Ensembling Predictions for combined Uncertainty-based Loss and Dice

I’m trying to train multiple models in parallel, combine the predictions to produce an uncertainty estimate, then measure the quality of this estimate with Expected Calibration Error.

For each model, I want to then use the loss as the dice of its prediction + the ECE of the ensembled models’ predictions.

I’m not sure how the backprop process will work with this. I understand that you can simply combine losses then call .backward(), however if I combine multiple predictions, then run ECE on these predictions, is using the same calculate ECE fine to use in the sum with the specific model’s prediction?

To put it in psuedocode:

for epoch in epochs:
  preds = predict_all_models(models)
  stacked_pred = stack_preds(preds)
  uncertainty = calc_entropy_uncertainty(stacked_pred)
  ece = calc_ece(stacked_pred, uncertainty, truth)
  for model in models:
    dice = dice(preds[model])
    combined_loss = dice + ece

Further, I’m not sure how autograd works - is there anything special I need to do to make backward() work, or can I just calculate the ECE using PyTorch functions and it’ll magically work?

As long as ECE is implemented with differentiable torch ops then yes the gradient should propagate properly through it. As long as you don’t do weird things like create new tensors, convert to numpy and back, etc, it should be fine.

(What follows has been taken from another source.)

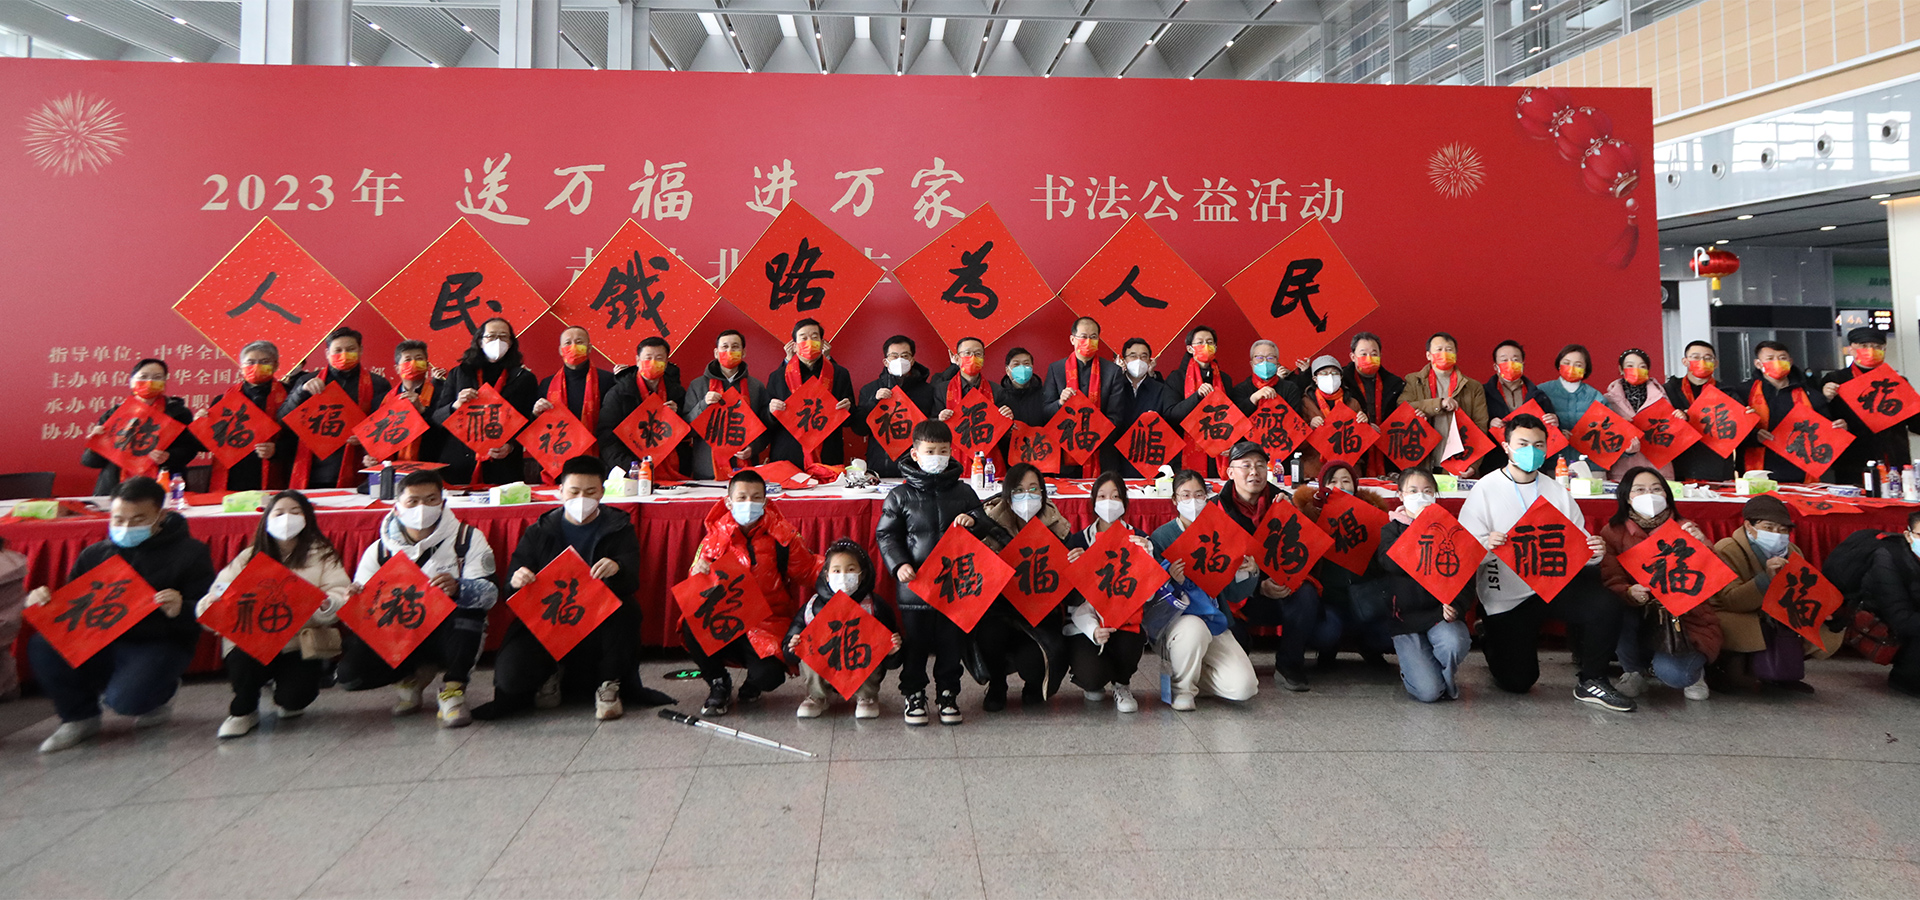 2023年“送万福、进万家”书法公益活动走进北京丰台站

The updated gradients will propagate properly through all models, despite the predictions being stacked to produce the ECE?

If the predictions are continuous & you used torch.stack (rather than constructing a new tensor yourself), then yes.

I’m now getting a RuntimeError: Trying to backward through the graph a second time.

Am I right in thinking that because stacked_pred and uncertainty come from the same preds variable, when I call backward on the ECE, it causes the gradients to be propagated from both stacked_pred and uncertainty to the original predictions.

Therefore, since they’re both combined to produce ECE, am I okay to call .detach() on one of the values, solving the problem? Or would this cause the gradients from ECE to not properly backprop?

EDIT: Maybe not… maybe instead because I’m combining the dice and ECE which both come from the same prediction?

It’s probably worth mentioning that the dice in my original psuedocode is the dice for an individual model’s prediction.

EDIT 2: Thinking about it a bit more, I should probably do

for model in models:
    dice = dice(preds[model])

otherwise I’ll be calling .backward() on the same loss function multiple times.